The Road to Relocation

Building a new home in a run-down neighborhood in Atlanta was a decision that neither of our parents supported. It was a bad financial move, they counseled us, not to mention the danger. But my wife Peggy and I were not relocating into the inner-city for economic reasons. We had finally come to the conclusion that our ministry would be more effective if we lived among the people we felt called to serve than continue to commute from the suburbs. And so we graciously thanked our parents for their love and concern and went ahead with our construction plans.

New construction in the neighborhood was unheard of – at least for the past 50 years – and so the activity attracted much local attention. And some unexpected attention from outside real estate developers, as well. Within a few months of moving into our new home we were delighted to see four new homes go up just two blocks from us, as well as a good number of renovations beginning throughout the neighborhood. Our property value was going to increase after all!

But during prayer and sharing times at our neighborhood church we began to hear prayer requests for housing needs. “Please pray for us – our rents have just doubled.” “Please pray for us – we’ve just gotten an eviction notice.” It wasn’t until Opal, a church member who lived within sight of the church, came in weeping one morning that I first made a disturbing connection. She had just received an eviction notice from the home she had lived in for many years – the city told the landlord to fix it up or board it up and he had decided to board it up until property values made it attractive to sell. For the first time it dawned on me that as my property value was nicely increasing, so was the value of the surrounding affordable homes.

As my wealth was accumulating, Opal’s poverty was deepening.

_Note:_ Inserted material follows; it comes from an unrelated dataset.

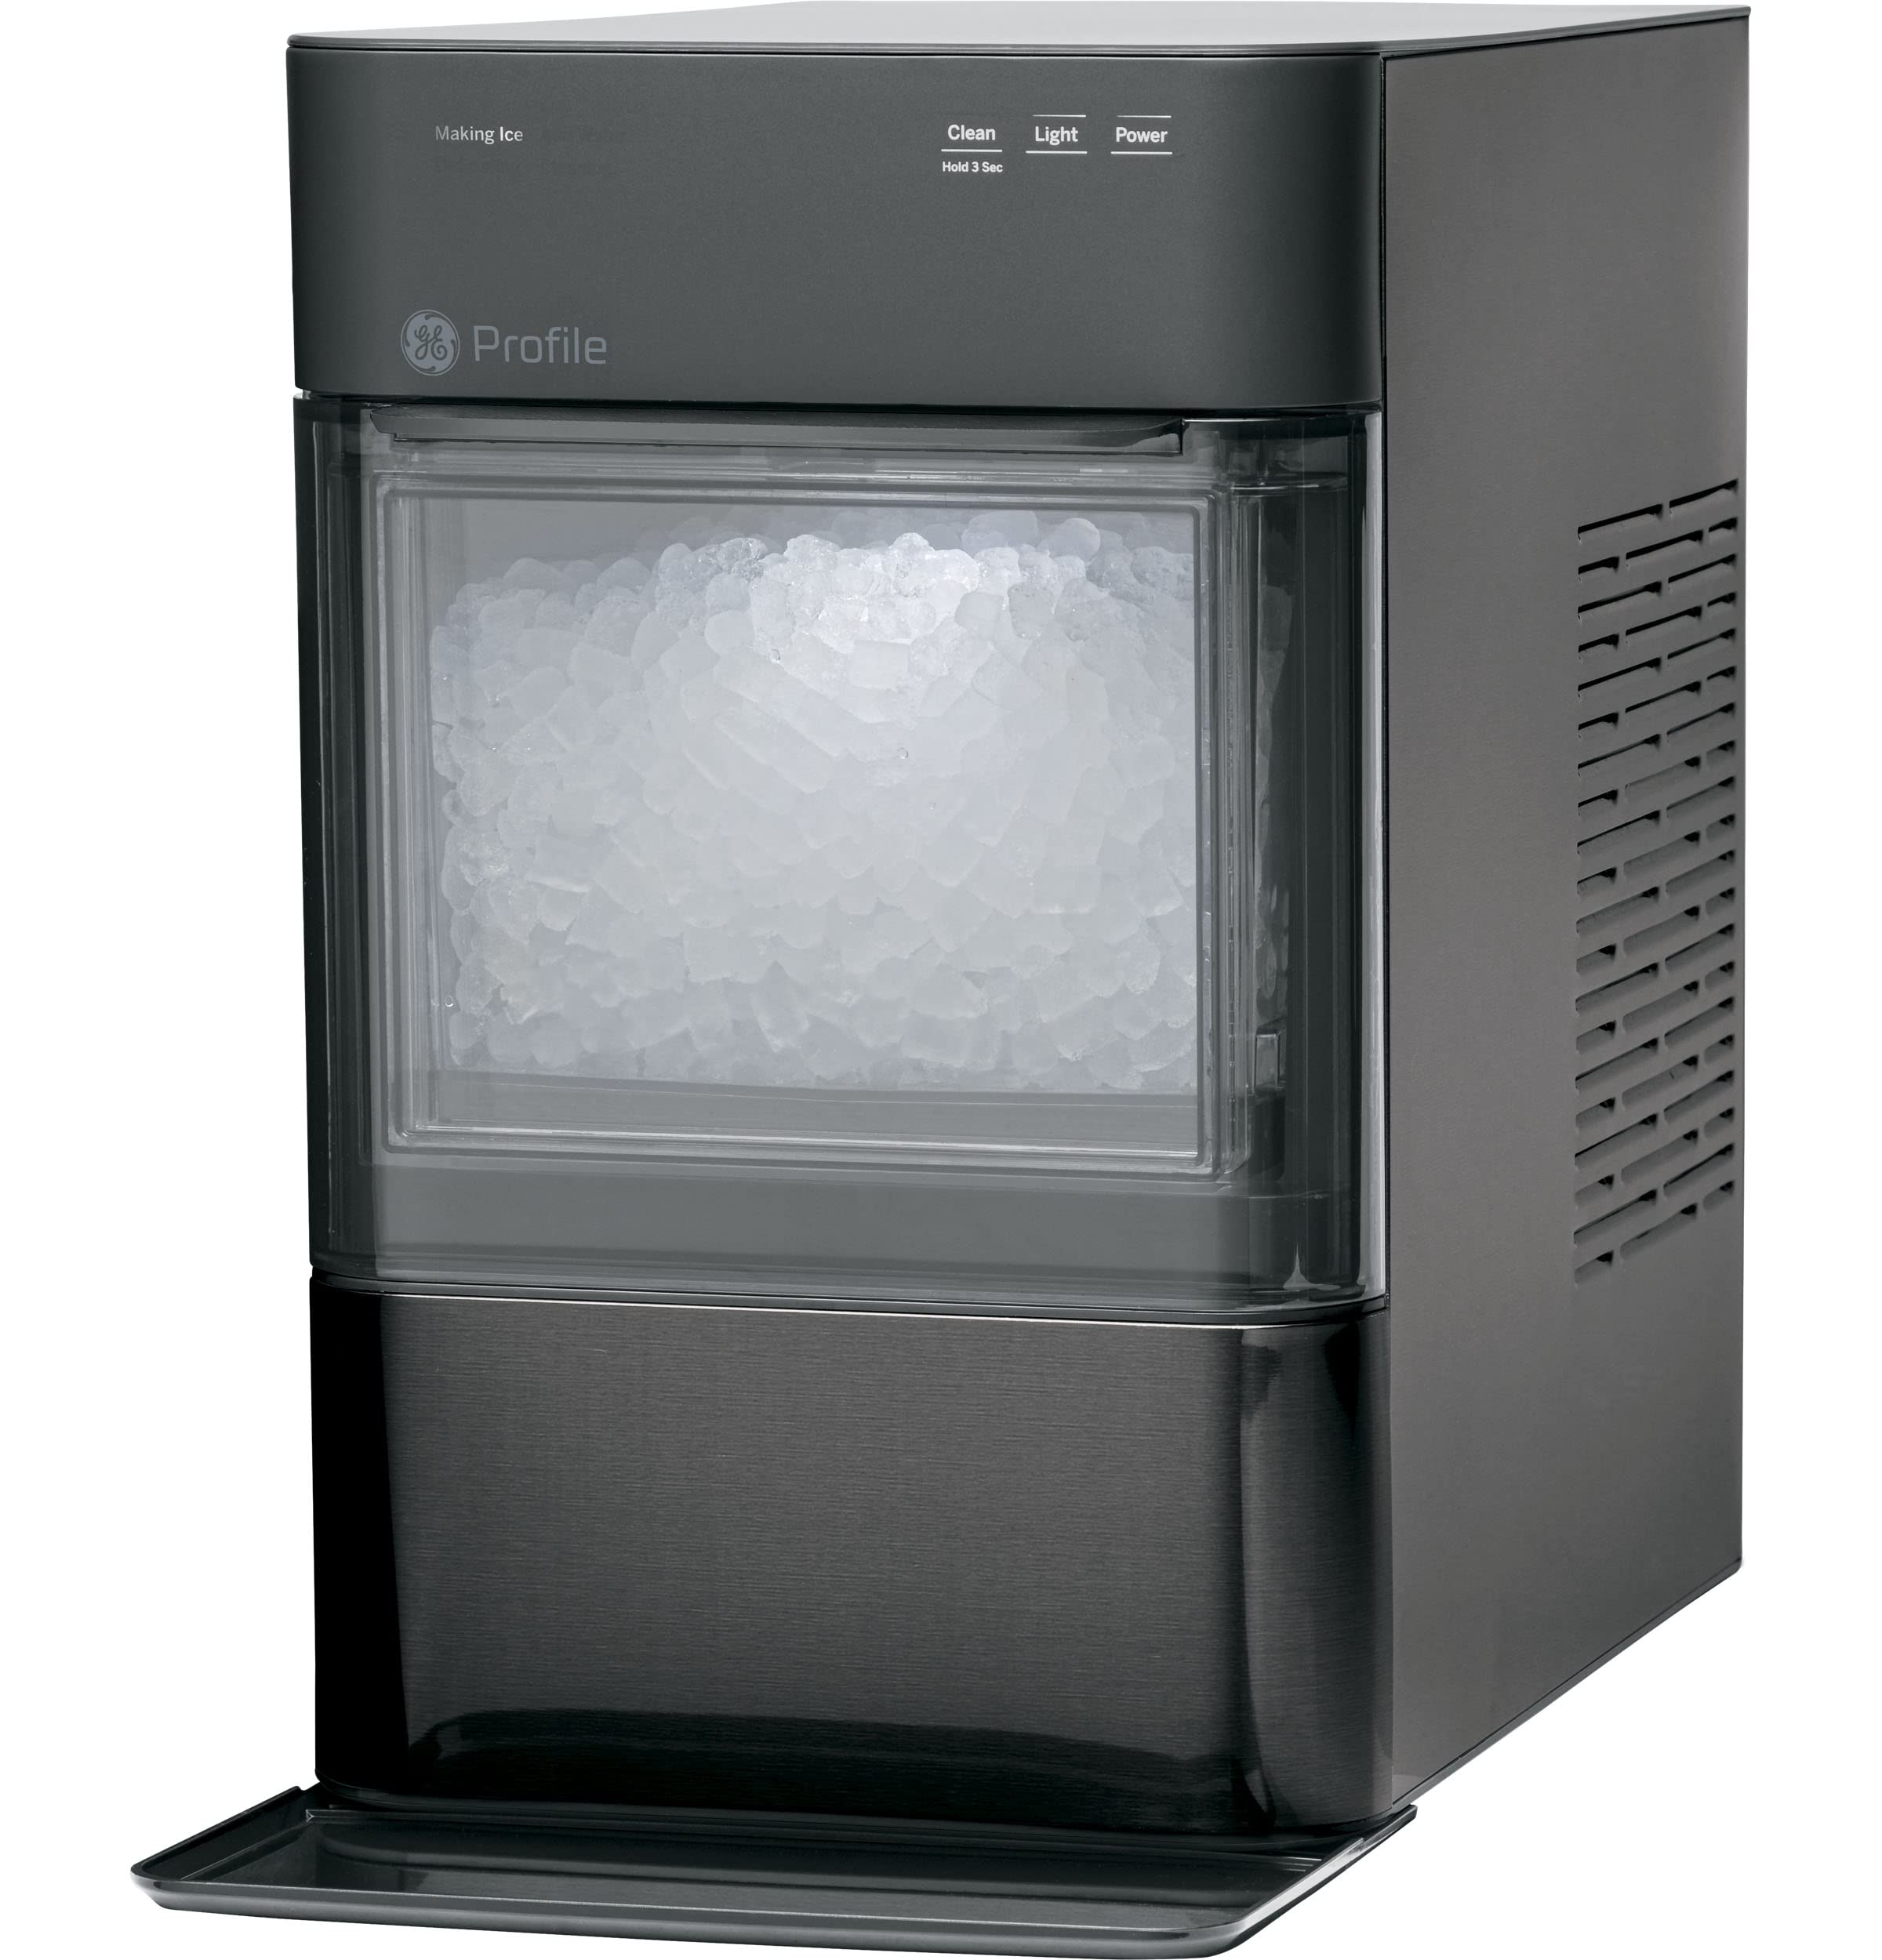 GE Profil Opale 2.0 | Machine à glaçons de comptoir | Machine à glace avec connectivité WiFi | Essentiels de la cuisine pour la maison intellinte | Inox noir

It was my investment that was the catalyst for her displacement. I could no longer sit in the circle and pray with integrity.

I was the problem!

What is Gentrification?

There was a name for this dilemma, I soon learned: Gentrification. It comes from the old English word gentry, the land-rich ruling class of the 16th century who controlled the economy by virtue of their land holdings. “Landlords” they were literally, the rulers of all who lived as serfs on their vast estates. They eventually disappeared from the social landscape with the emergence of the industrial revolution as wealth shifted away from the land and to the factories in burgeoning cities. The term gentry has been resurrected in our generation to describe the return of landowners to the city. I discovered that I was one of them. And it was not a complement.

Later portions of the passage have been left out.